Пусть в воронку реминисценций фильма втягиваются знаменитые «кареты со скачущими лошадьми» из «Невского проспекта», сам он определяется автором как «история в трех снах» (явная аллюзия на «восемь снов» булгаковского «Бега»), да и черный кот из «Мастера и Маргариты» вроде бы мелькает среди эпизодических персонажей, но в целом ни гоголевская проза, ни произведения Булгакова режиссеру в качестве строительного материала не понадобились. Как не удалось мне найти в «Носе...» Хржановского отсылок к, казалось бы, напрашивающимся для цитирования текстам других представителей «не такой», гоголевской ветви русской литературы: от раннего Достоевского и Андрея Белого до Введенского и Хармса (хотя фотографии из следственных дел обэриутов вместе с фотографиями других замученных художников предъявляются в финале фильма в качестве обвинения сталинскому режиму).

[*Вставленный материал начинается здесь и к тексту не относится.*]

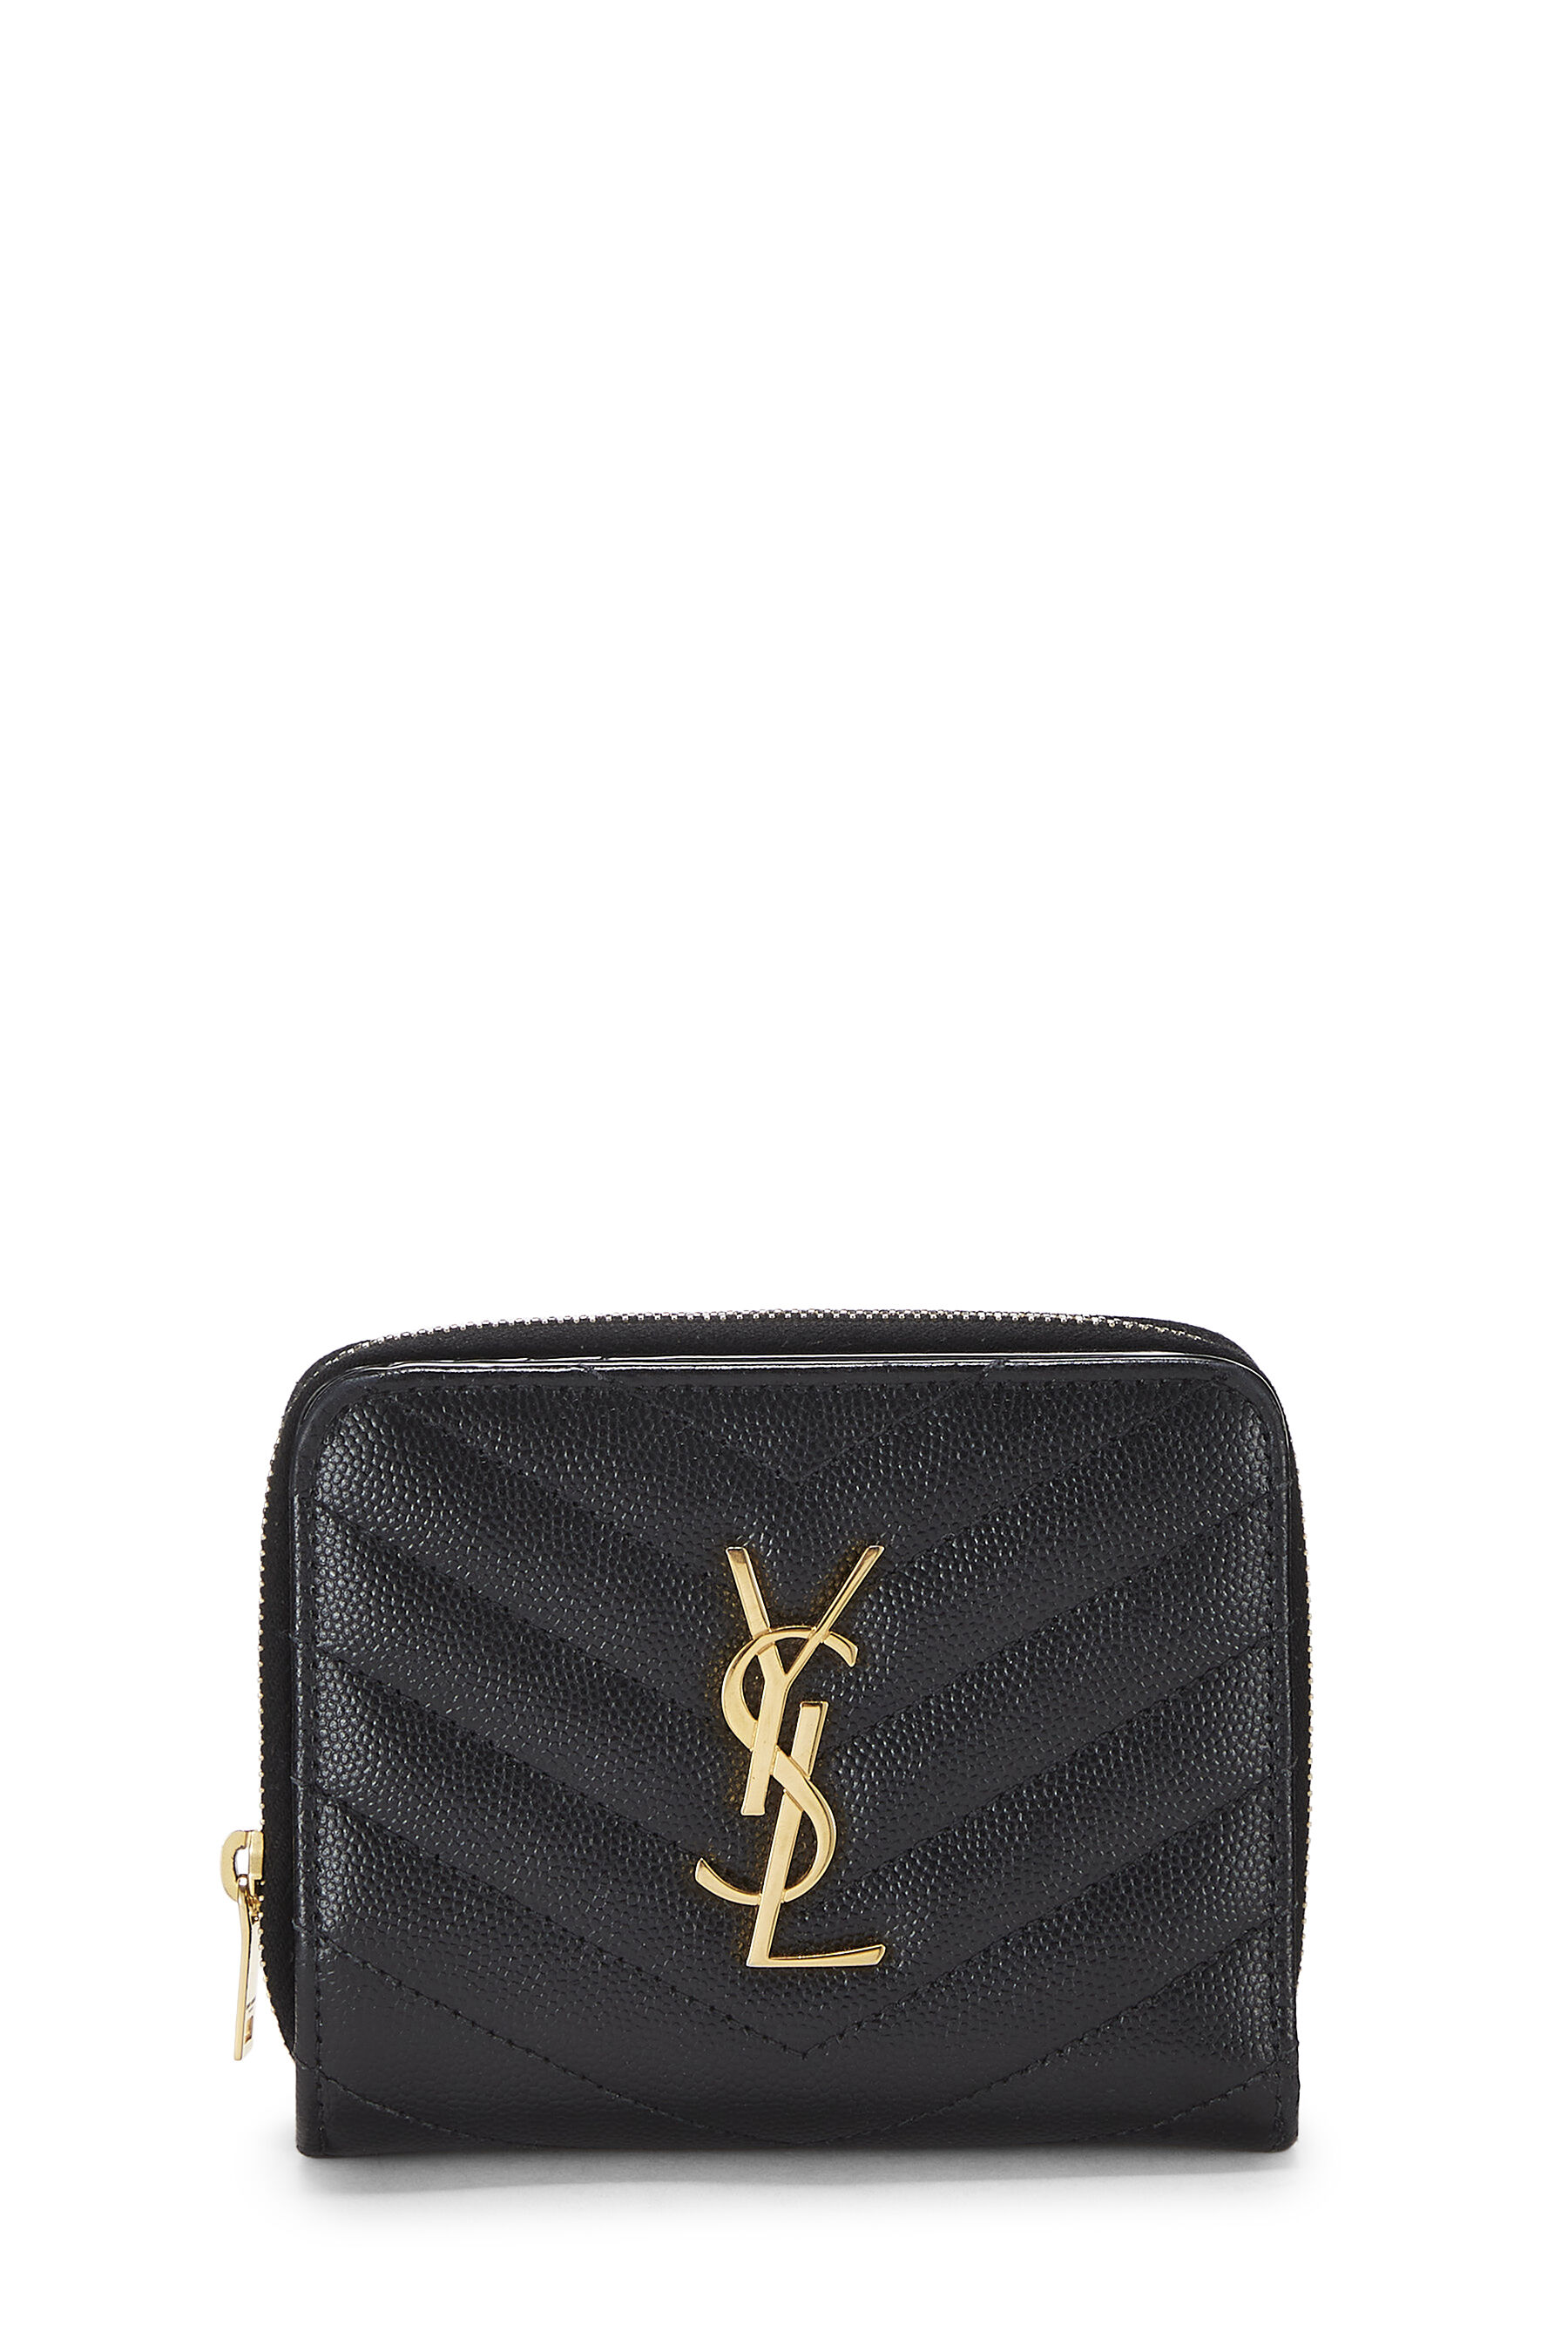 YSL Black Grainy Leather Compact Wallet

Если говорить про общее стилистическое и символическое оформление «Носа...», особенно первой его части, то скорее уж вспоминаются имена двух великих европейских мастеров гротеска и социальной фантастики — Гофмана и Кафки.

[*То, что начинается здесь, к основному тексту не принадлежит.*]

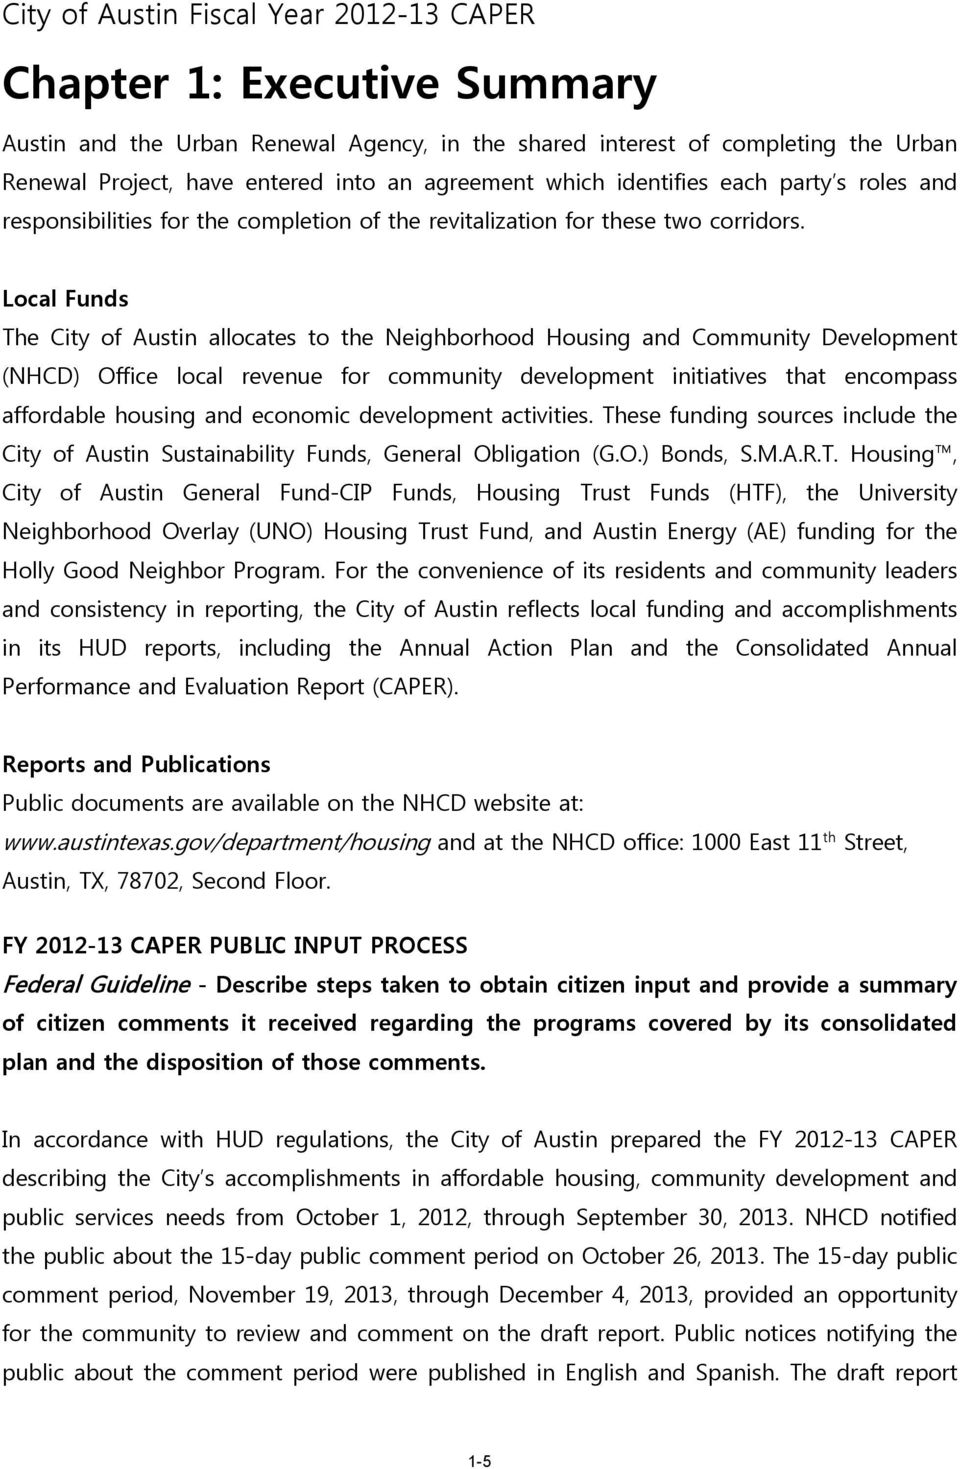 Local Funds The City of Austin allocates to the Neighborhood Housing and Community Development (NHCD) Office local revenue for community development initiatives that encompass affordable housing and

Весьма характерным кажется мне то обстоятельство, что сталинская «культура два» точечно представлена в «Носе...» живописными полотнами, музыкальными цитатами и отрывками из фильмов, но не реминисценциями из корпуса прозаических и поэтических текстов. Условные Федор Гладков и Сергей Михалков, как кажется, не понадобились Хржановскому потому, что в его фильме отсутствуют цитаты из произведений «не таких» прозаиков, поэтов и драматургов, которые послужили бы противовесом для образцов холуйской советской словесности.
Впрочем, одно важное исключение в фильме «Нос, или Заговор „не таких“» все-таки есть, если только меня не подводит многолетняя профессиональная привычка где надо и не надо отыскивать подтексты из стихотворений Осипа Мандельштама. Я имею в виду не столько антисталинскую инвективу поэта «Мы живем, под собою не чуя страны...» (хотя «кремлевский горец» и окружающие его «тонкошеие вожди», возможно, вычерчены у Хржановского не только по булгаковскому, но и по мандельштамовскому лекалу), сколько нечто гораздо более существенное, потому что структурообразующее. В первой части «Носа...» пространство гоголевского Петербурга почти нарочито совмещено с предметными реалиями сталинского Советского Союза и путинской России. Нельзя ли предположить, что этот прием отсылает к финальной строфе «Петербургских строф» (1913) Мандельштама, в которой пушкинский «бедный Евгений» становится свидетелем проезда по улицам города автомобилей начала 1910-х годов?
Летит в туман моторов вереница;
Самолюбивый, скромный пешеход —
Чудак Евгений — бедности стыдится,
Бензин вдыхает и судьбу клянет!
Лекманов О. «Самолюбивый, скромный пешеход» // Искусство кино. 2020. № 11-12. С. 143-145.